Case Presentation: A female patient, 4-months-old, diagnosed with Spinal Muscular Atrophy Type I by genetic test using the Multiplex Ligation-dependent Probe Amplification (MLPA) technique and with respiratory failure manifestations in the first weeks of life. Due to this acute condition, in the emergency service, the patient was admitted to the hospital, initially using Continuous Positive Airway Pressure (CPAP) and later requiring orotracheal intubation due to worsening of the respiratory condition. After Nusinersena (4 doses) was administered, extubation measures were taken. Even with clinical complications, such as pneumothorax and episodes of bradycardia, the patient was kept on non-invasive ventilation, and ventilatory support measures were used, such as Cough Assist and physiotherapy maneuvers, and she was discharged after 115 days of hospitalization, without tracheostomy.

Discussion: Spinal Muscular Atrophy is a genetic disease involving cell death of motor neurons located in the anterior horn of the spinal cord and brainstem motor nuclei, caused by SMN1 gene mutations. Type 1 is the most severe form, presenting with areflexia, inability to sit without support, severe hypotonia, and diffuse muscle weakness. Respiratory failure is usually the cause of death in these patients between 12 and 36 months of age, caused by profound neurogenic muscle atrophy leading to inability to cough, weakness and fatigue of the respiratory muscles. It can develop from progressive ventilatory decompensation or from an acute process such as pneumonia. Among the types of respiratory management, tracheostomy can be performed when patients are unable to wean themselves off ventilatory support. However, it makes speech development difficult or impossible, leads to dependence due to loss of respiratory autonomy, and brings complications such as repeated infections. In contrast, non-invasive ventilation associated with adequate physiotherapy assistance offers good results, with fewer hospitalizations allowing home admission, speech capacity and increased life expectancy.
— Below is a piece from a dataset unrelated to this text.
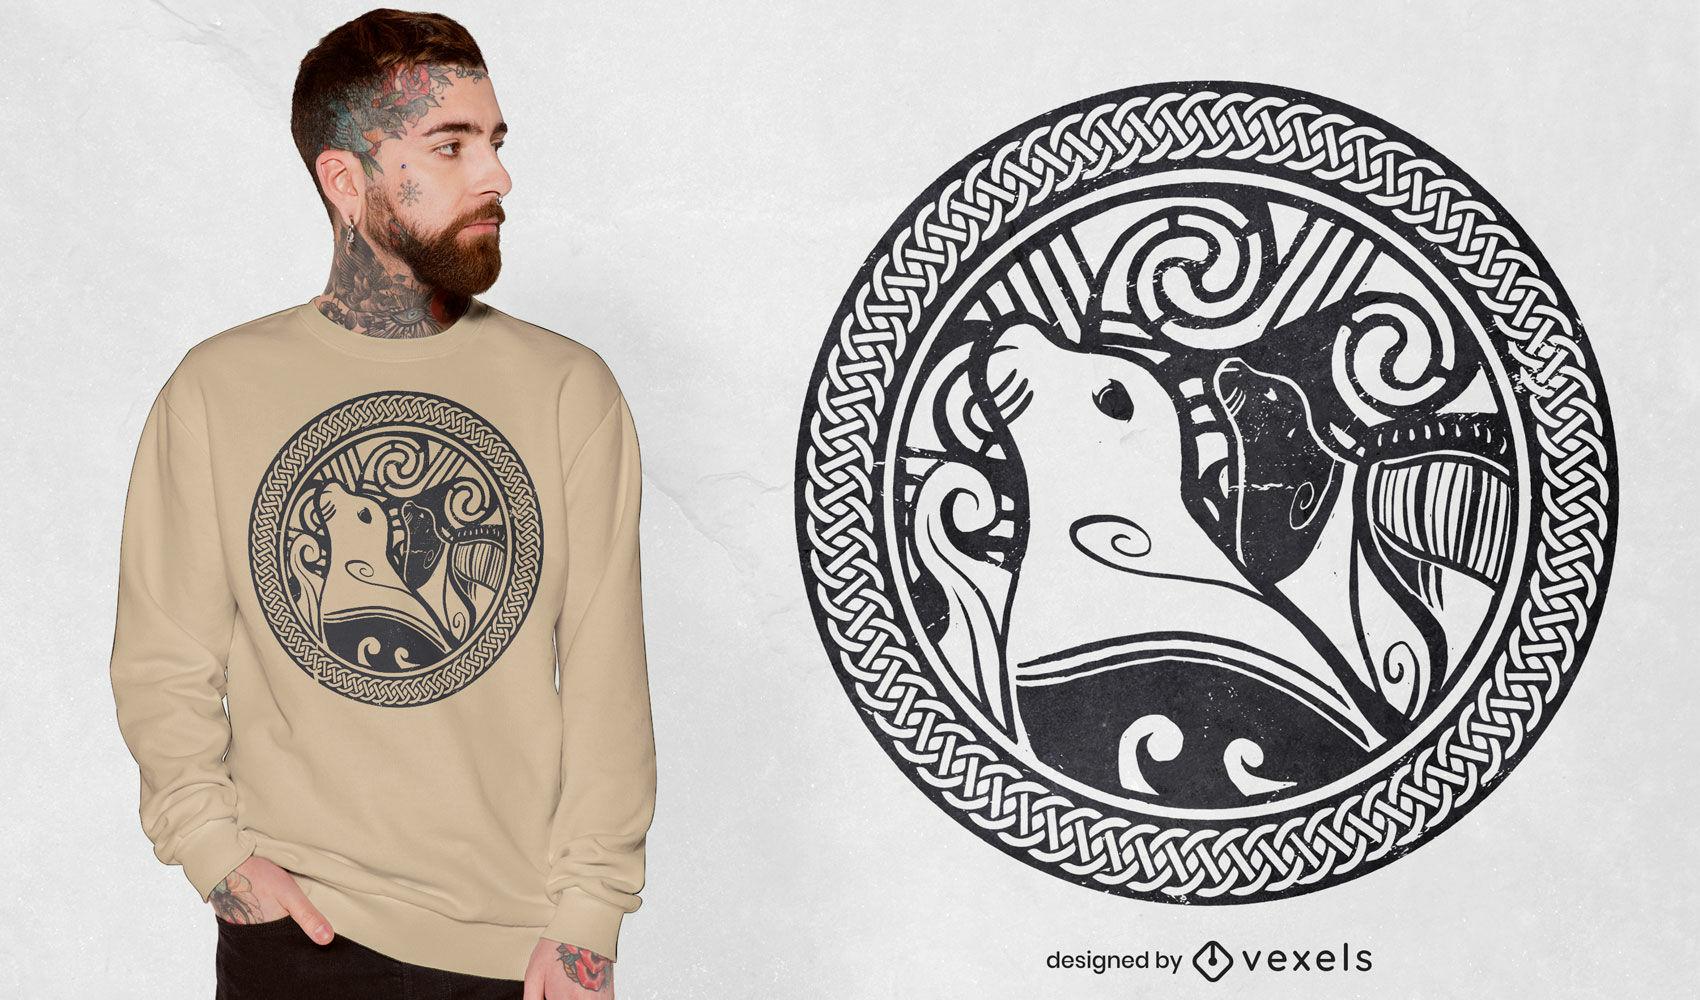 Seal celtic knot t-shirt design

Final: In this report, it was observed that the choice not to perform a tracheostomy was beneficial, enabling the indication of Zolgensma according to criteria for supply via the Unified Health System.

Comments: It is necessary to promote a better quality of ventilation and suction of patients with SMA type 1, seeking to increase the patient's quality of life, against tracheostomy as the best treatment option.